Reputation: 918
I'm trying to read data in this format:
<?xml version="1.0" encoding="UTF-8"?>
<body>
<![CDATA[sample content]]><br />
<![CDATA[more content]]><br />
<![CDATA[content]]><br /></body>
the data comes from a remote xml file so I cannot alter it. I've trying to read this with php using
$file = file_get_contents($r[0]->overview);
$xml = new SimpleXMLElement($file);
echo '<pre>';
print_r($xml);
echo '</pre>';
This outputs:
SimpleXMLElement Object
(
[br] => Array
(
[0] => SimpleXMLElement Object
(
)
[1] => SimpleXMLElement Object
(
)
[2] => SimpleXMLElement Object
(
)
)
)
I'm unsure how to read the contents, normally I could see an array or object I can loop through.
Any advice would be appreciated.
Upvotes: 1
Views: 1808
Reputation: 19502
The problem is just SimpleXMLs magic. CDATA sections are a special kind of text nodes, they allow to write the special characters in XML without the encoding (<, >, ", '). This has two reasons: backwards compatibility for the script elements and better human readability.
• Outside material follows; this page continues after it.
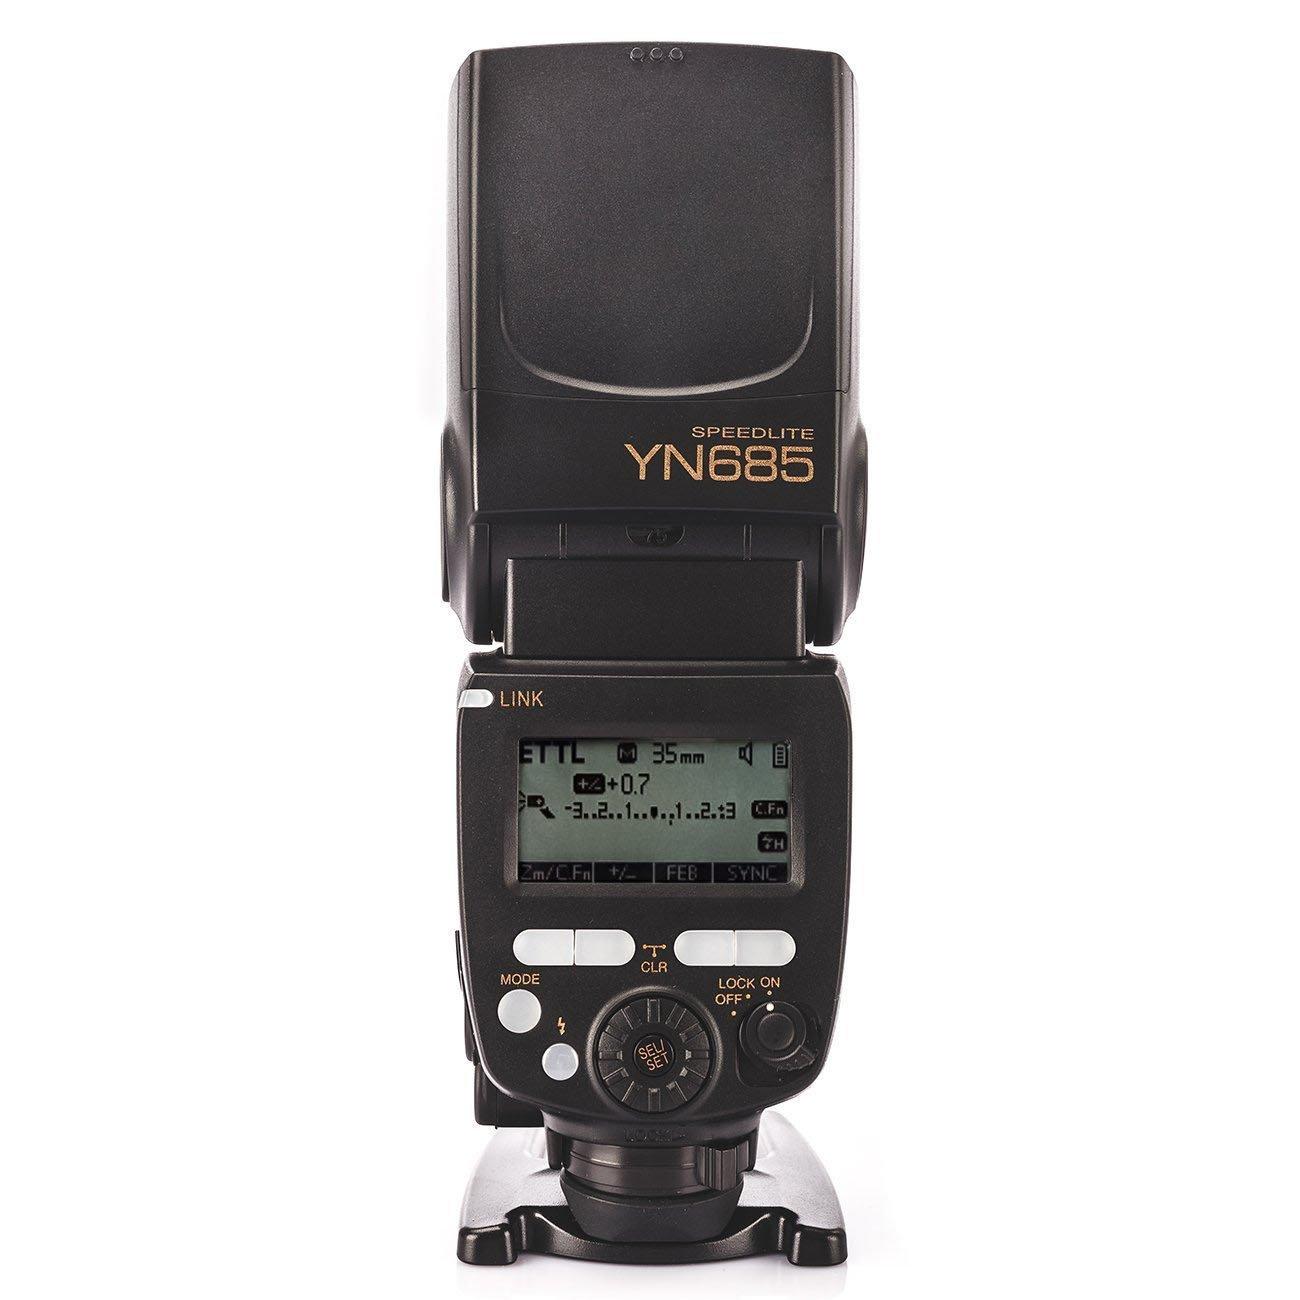 Yongnuo YN685 Camera Speedlight Flash for Nikon DSLR Cameras with WINGONEER Flash Diffuser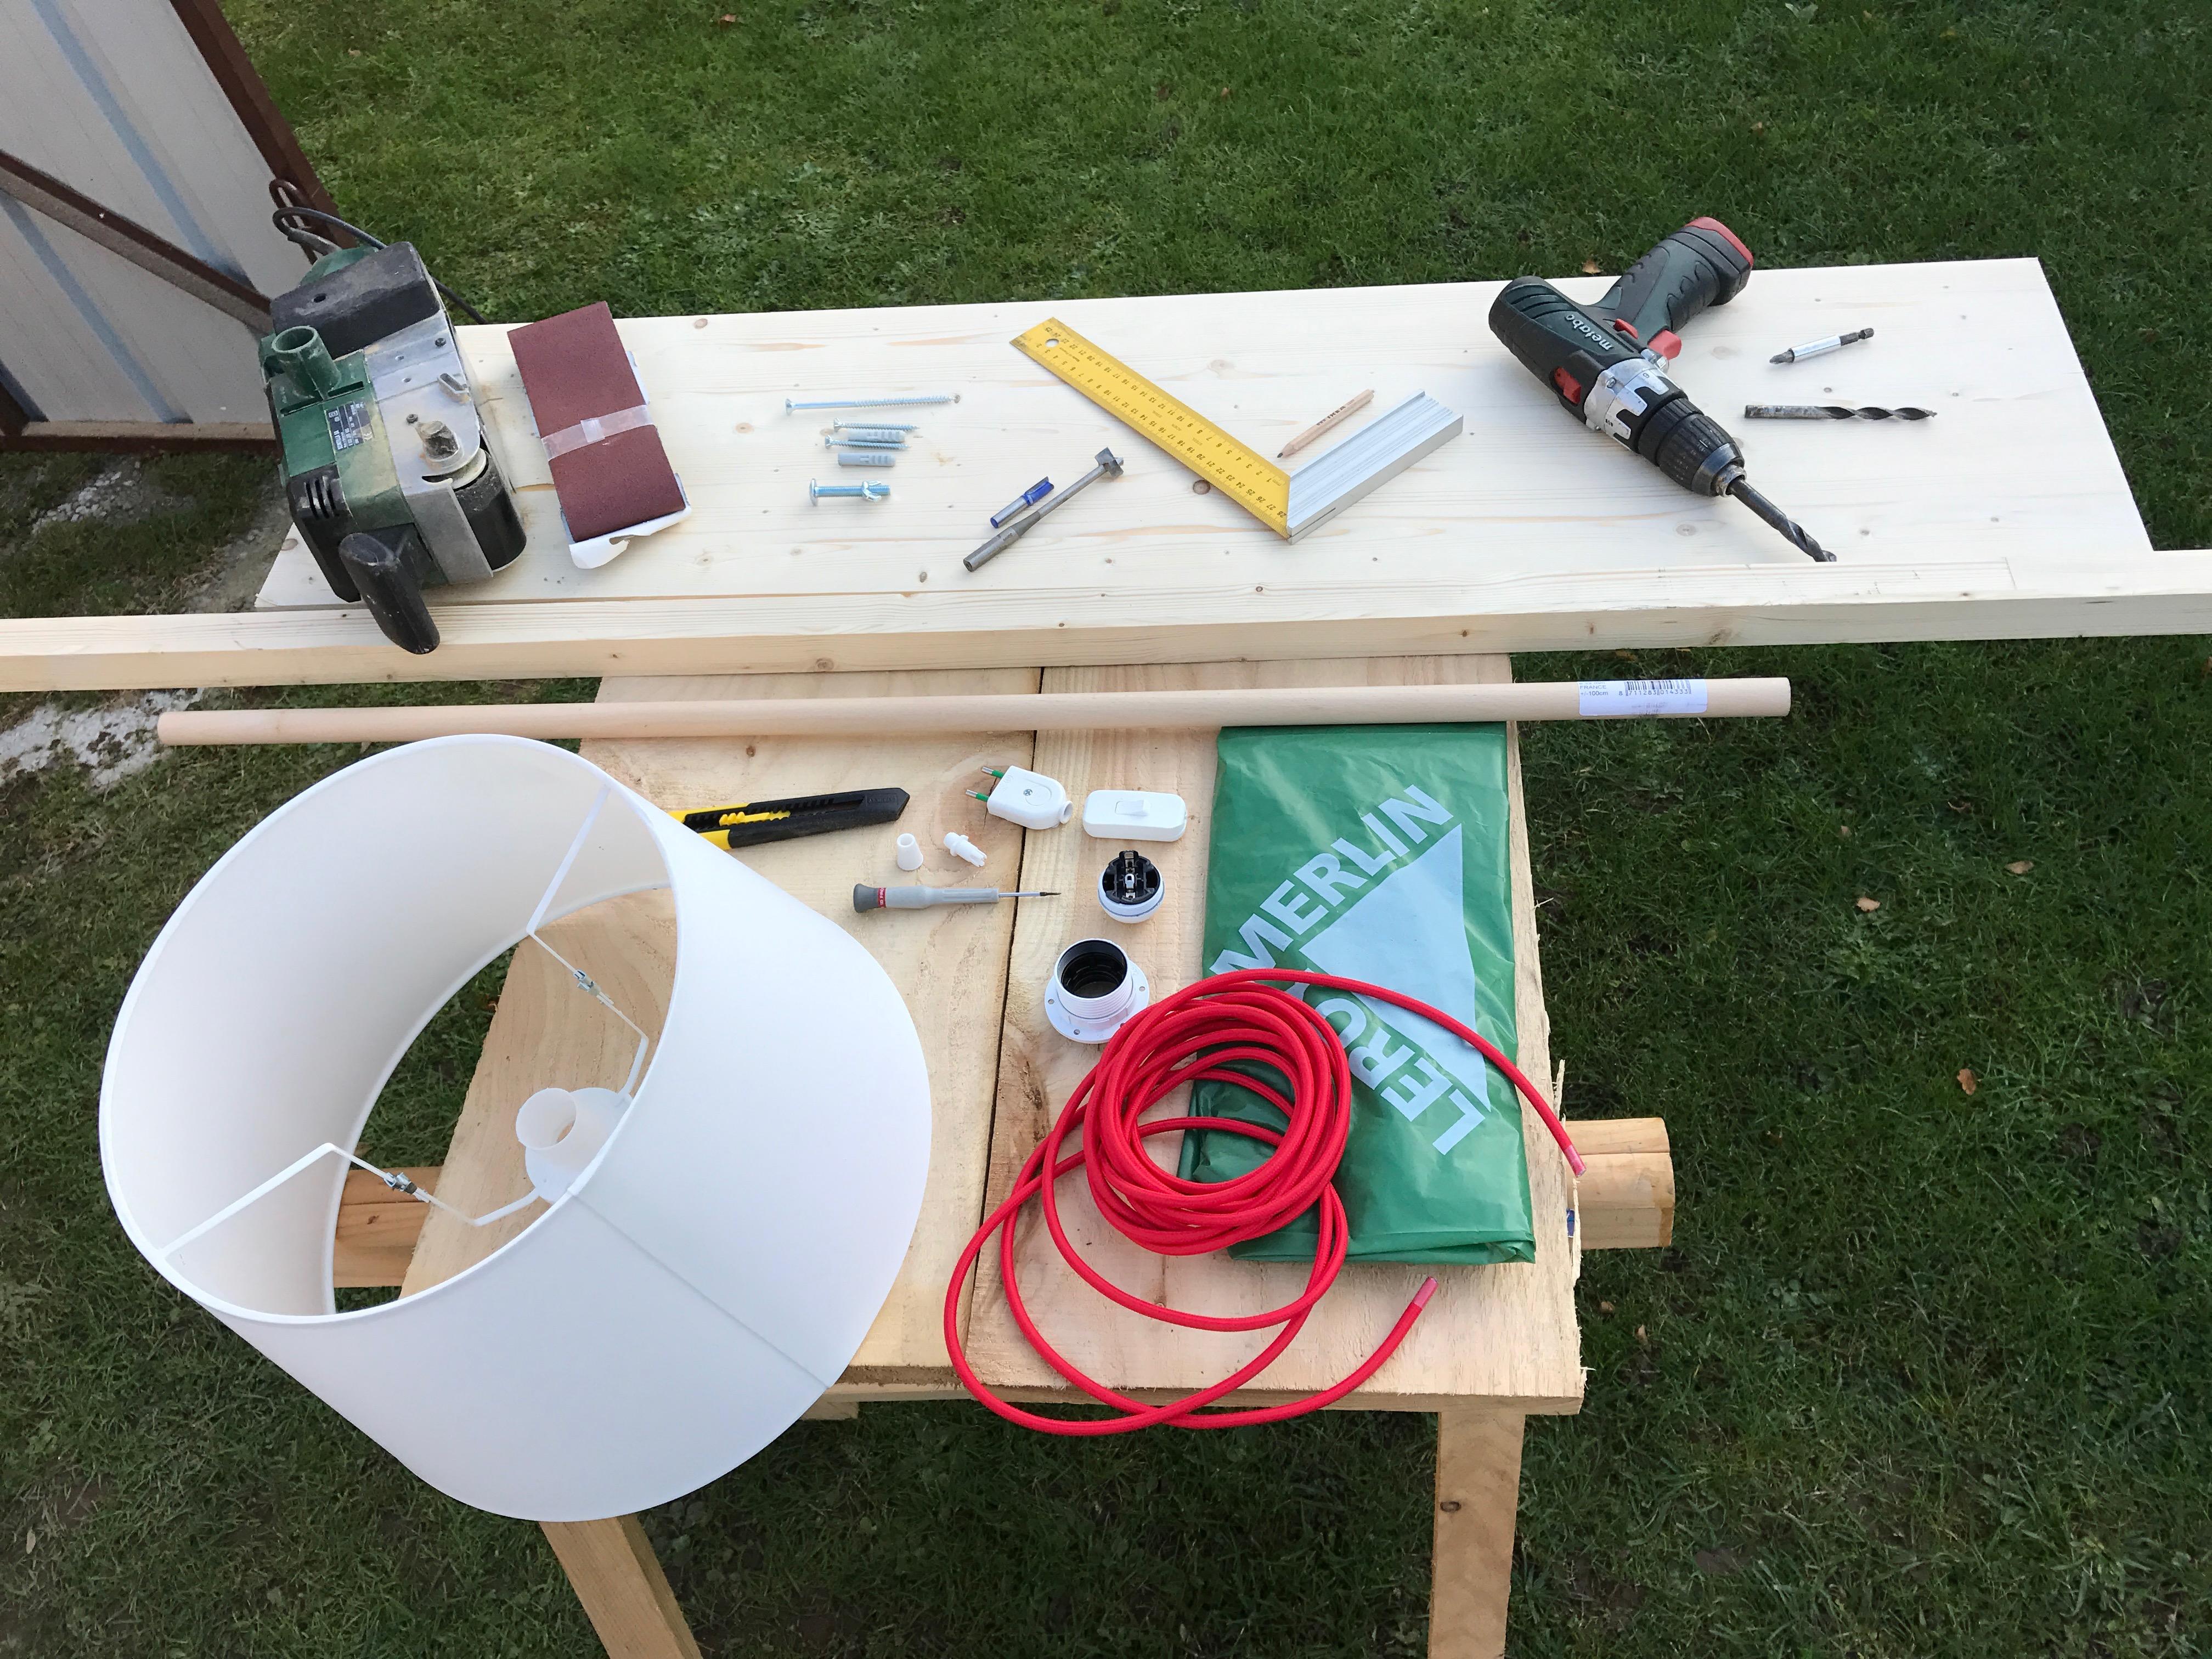 Lampe articul e en bois avec tablette et pat re IMG 4624.jpg

They are still nodes and can be read as such:
<?php
$xml = <<<'XML'
<?xml version="1.0" encoding="UTF-8"?>
<body>
<![CDATA[sample content]]><br />
<![CDATA[more content]]><br />
<![CDATA[content]]><br /></body>
XML;
$dom = new DOMDocument();
$dom->loadXml($xml);
$xpath = new DOMXpath($dom);
// iterate all text child nodes that are not just whitespaces
foreach($xpath->evaluate('/body/text()[normalize-space(.) != ""]') as $node) {
var_dump($xpath->evaluate('string(.)', $node));
}
Output: https://eval.in/140237
string(14) "sample content"
string(12) "more content"
string(7) "content"
Upvotes: 1
Reputation: 68556
The <![CDATA[sample content]]>
should be encased in a opening and a closing tag , only then the data can be retrieved. Also, to read the CDATA
content , you should use the LIBXML_NOCDATA
parameter.
Since those CDATA
did not have any proper encasement you were getting the empty array.
<?php
$content = '<?xml version="1.0" encoding="UTF-8"?>
<body>
<![CDATA[sample content]]><br />
<![CDATA[more content]]><br />
<![CDATA[content]]><br /></body>';
$content = str_replace(array('<br />','<!',']>'),array('','<br><!',']></br>'),$content);
$xml = simplexml_load_string($content, 'SimpleXMLElement', LIBXML_NOCDATA | LIBXML_NOBLANKS);
print_r($xml);
OUTPUT:
SimpleXMLElement Object
(
[br] => Array
(
[0] => sample content
[1] => more content
[2] => content
)
)
Upvotes: 0